憧れの人が入れてくれたものがまずいわけがない。
「何か悩みでもあるのか?」
 顎に手を添え、ロディマスコンボイが尋ねてきた。
 心配そうにホットショットも見上げてくる。
 悩みというのだろうか。あなたがいるとすごくモヤモヤするんです、なんて言うことができるほど偉くない。生意気すぎる。

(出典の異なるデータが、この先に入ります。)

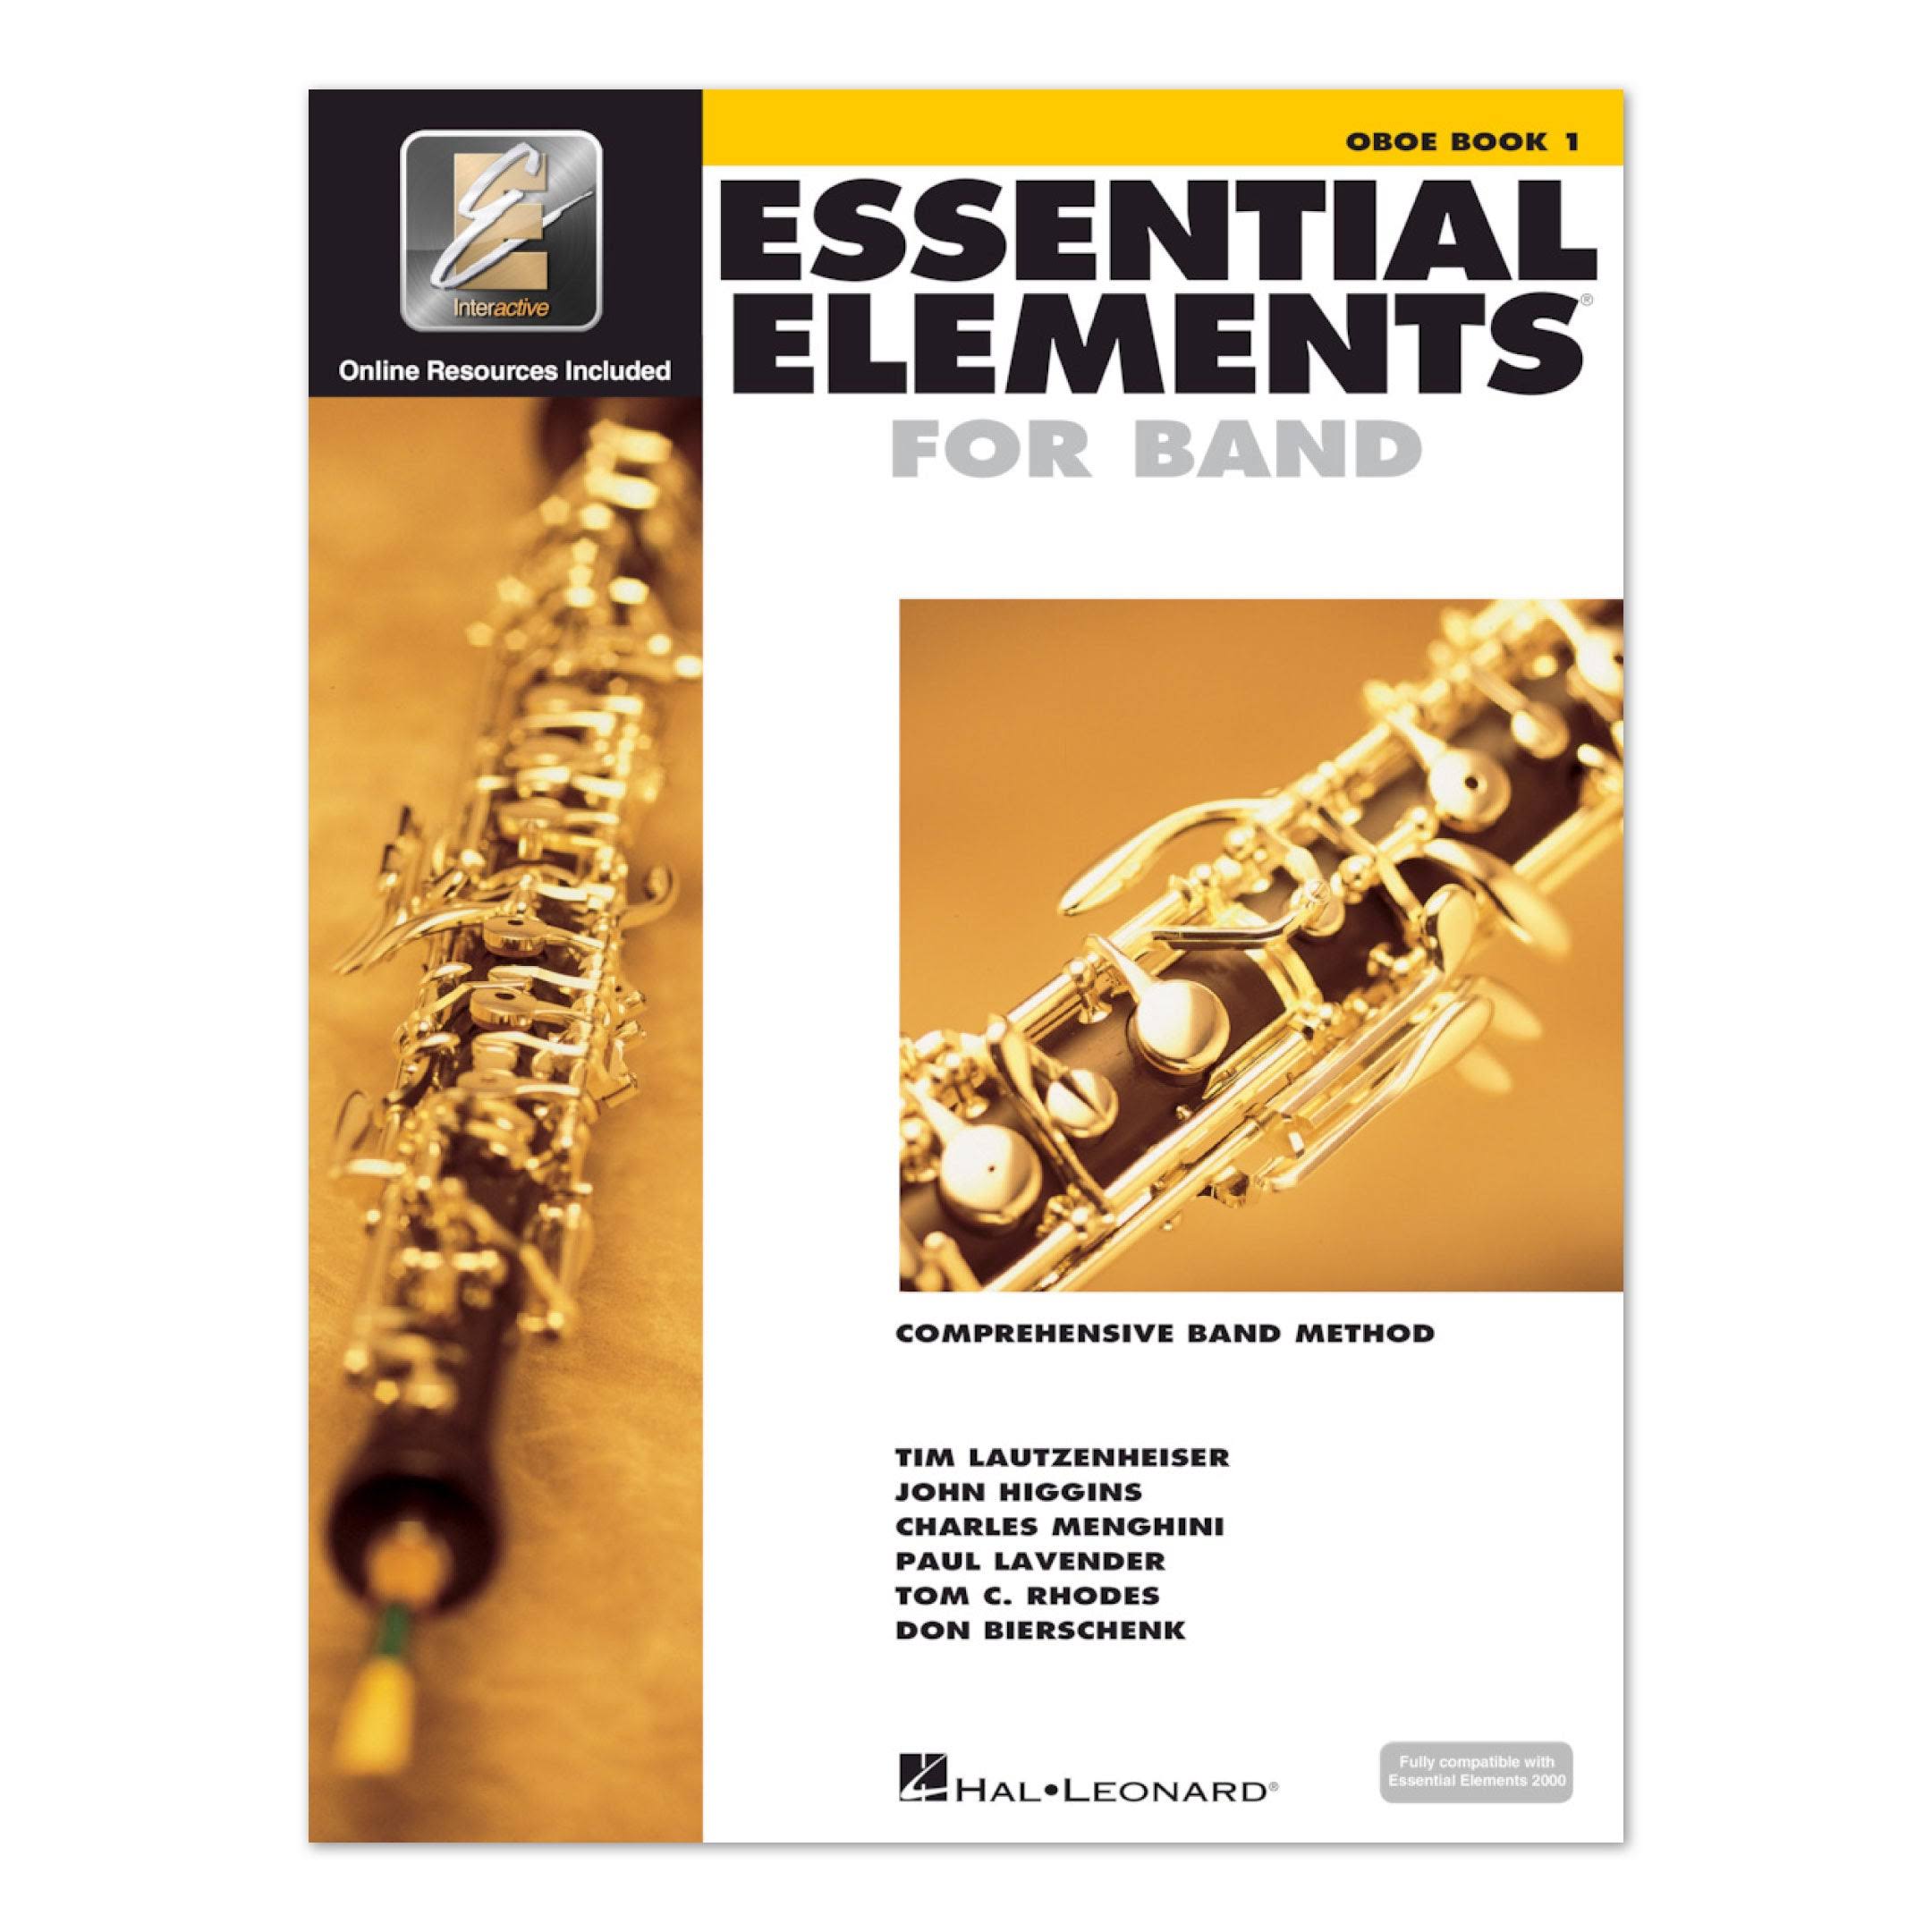 Hal Leonard Essential Elements Oboe Book 1

 しかし、憧れの人をこれ以上心配させるわけにはいかない。
「悩みといいますか…その…」
 かちゃ、とロディマスコンボイがティーカップを置いた。中は空だ。
「お2人がお話ししてるのが楽しそうだな、と…。ああ、すみません自分何言ってるんでしょうか」
 わたわたと両手を胸の前で開いて横に振り、違うんですと慌てるロードバスター。
彼の様子に、ロディマスコンボイはふっと笑い、立ち上がった。
「ホットショット、話しはまた今度だ」
「え?」
「あとは2人で話せ。ごちそうになったな、失礼する」
 椅子を戻し、そう言って伝説の英雄は退室した。残されたのは、部屋の主とその後輩。


 数秒間の沈黙後、ホットショットがはっとして、くすくすと笑いだした。
「…ホットショット殿?」
 肩をふるわせているというのが、ウィンドウパーツが揺れているので分かる。
「いや、悪いわるい。くく…」
 謝りはするものの、笑いはとまらない。いぶかしむロードバスターの手を取り、ホットショットは向き合った。
 ふいに捕まれた手に、ロードバスターは顔の熱があがるのがわかった。今更かよ、とまた憧れの人は笑う。
「ロードバスター」
 青い瞳(アイ)がじっと見る。
 握られた手と、見られていることから悟り、己も水色の光を消して待ちかまえる。
 ガシャ、と音がして口が合わさる。
「ほんとにかわいい奴だよなぁ、お前は」
 ぎゅっ、と頭部と顔を抱きしめられロードバスターは「どっちがですか」と心の中で呟いた。
(この人には振り回されてばかりだ…)
 あのモヤモヤはいつの間にか消えていた。